By Stuart Berwick, CEO and Co-Founder, single piece
Digitization is becoming increasingly critical, and while financial markets firms that have already digitized to some degree are seeing increased internal efficiencies and productivity gains, there is still a long way to go.
There are familiar and valuable concepts for the sell side that revolve around “Who do I call to get the deal?” or “Which of my clients is at risk?” “. Yet the answers are usually only found in a single spreadsheet that took a week to put together, or in a quarterly report. In the era of artificial intelligence and machine learning, it is striking that old customer relationship tools have not kept up with the times.
Imagine what companies could achieve, however, if they broke the boundaries of possibility? Not only by enabling employees to be more efficient, productive and better informed (which will ultimately increase and retain revenue and drive profitability), but also by providing a better customer experience. In these uncertain times, fast, data-driven decisions can have a positive effect on customer retention and acquisition.
Today’s legacy CRM systems, plagued by poor user experience and unreliability, stand in the way of improving employee productivity. Due to a lack of investment, these legacy tools have not progressed. They are also very rigid, which means they cannot be configured to meet the needs of a rapidly changing and volatile market.
In addition, a growing number of young “digital natives” are beginning to emerge from the industry, and with them a much more sophisticated expectation of the technological tools that facilitate their daily work.
Presentation of “ambient” and “guided” systems
However, changes are on the way with the introduction of new AI and ML based tools in CRM systems. Two important concepts in this area are ambient data collection and guided actions.
Ambient data collection is based on a “zero ambient” concept. This means that a user can sit down in front of a corporate computer system and simply go about their day-to-day work, without having to store or copy information to another system. In other words, the system may automatically, or “ambient” collect information about its environment.
An example of ambient CRM functionality is “data capture”. A virtuous circle is created in which the system can ambiently identify data from the environment (such as Instant Bloomberg (IB) chat, email, phone conversations, calendar events, etc.) and categorize and capture them intelligently. The result is used to guide the system in the future. By implementing feeds from financial markets messaging systems (such as IB chat), transcripts can be extracted using artificial intelligence to identify high-value conversations (e.g. ticker/sector mentioned or the directional comment). The user will confirm whether the relevant piece of data is indeed valuable, which in turn will teach the system to better recognize useful data. In this regard, the system will eventually become fully automated.
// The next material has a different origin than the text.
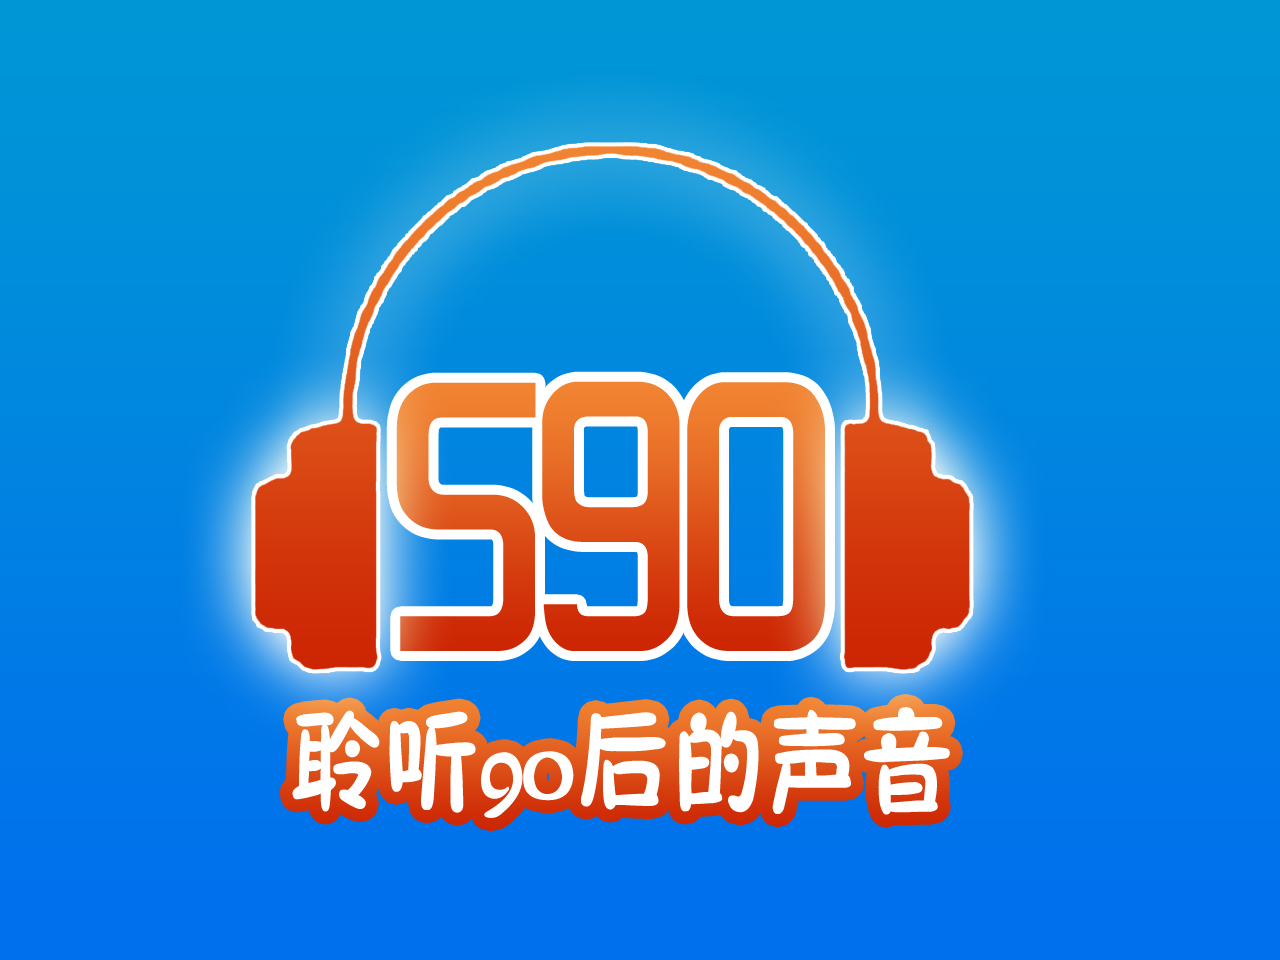 590之聲(官方電台)

Guided actions, on the other hand, relate to where the system guides the user to certain actions or results to gain an advantage, for example, to increase and maintain revenue and profitability. It achieves this by using a large set of data and knowledge of previous results.
Guided actions don’t just tell users what the problem is, they also tell them what to do by using an array of data points and algorithms to form a prediction. For example, the system can tell an investment bank which of its institutional clients are at risk of ending their relationship or experiencing a significant drop in activity (such as event attendance) and revenue over the next six to next 12 months. Another example of guided functionality is a “Call Manager” application, where an institution’s salespeople and research analysts have dynamic customer lists that can be organized and prioritized by industry, buyer customer, or other segmentation. These lists are then easily prioritized, in seconds, by who to call when, based on what’s happening in the market, how traders are reacting, and even statistically determining when people are most likely to respond and to take a call.
Competitive advantage in good times and bad
The ability to ingest interaction data across all channels and identify meaningful interactions through natural language processing, and capture customer data in the environment that would otherwise be laborious and expensive to process, gives businesses an undeniable advantage.
In today’s fast-paced and unpredictable world, simply updating a CRM system is not enough – the only option now is to upgrade to nothing less than a CRM-based advisory system. the data, because it is what will give the information necessary to excel in all areas. market conditions. By thinking bigger and more ambitiously than current systems allow, new technologies can break down barriers and for the first time truly automate and systematize a customer strategy process.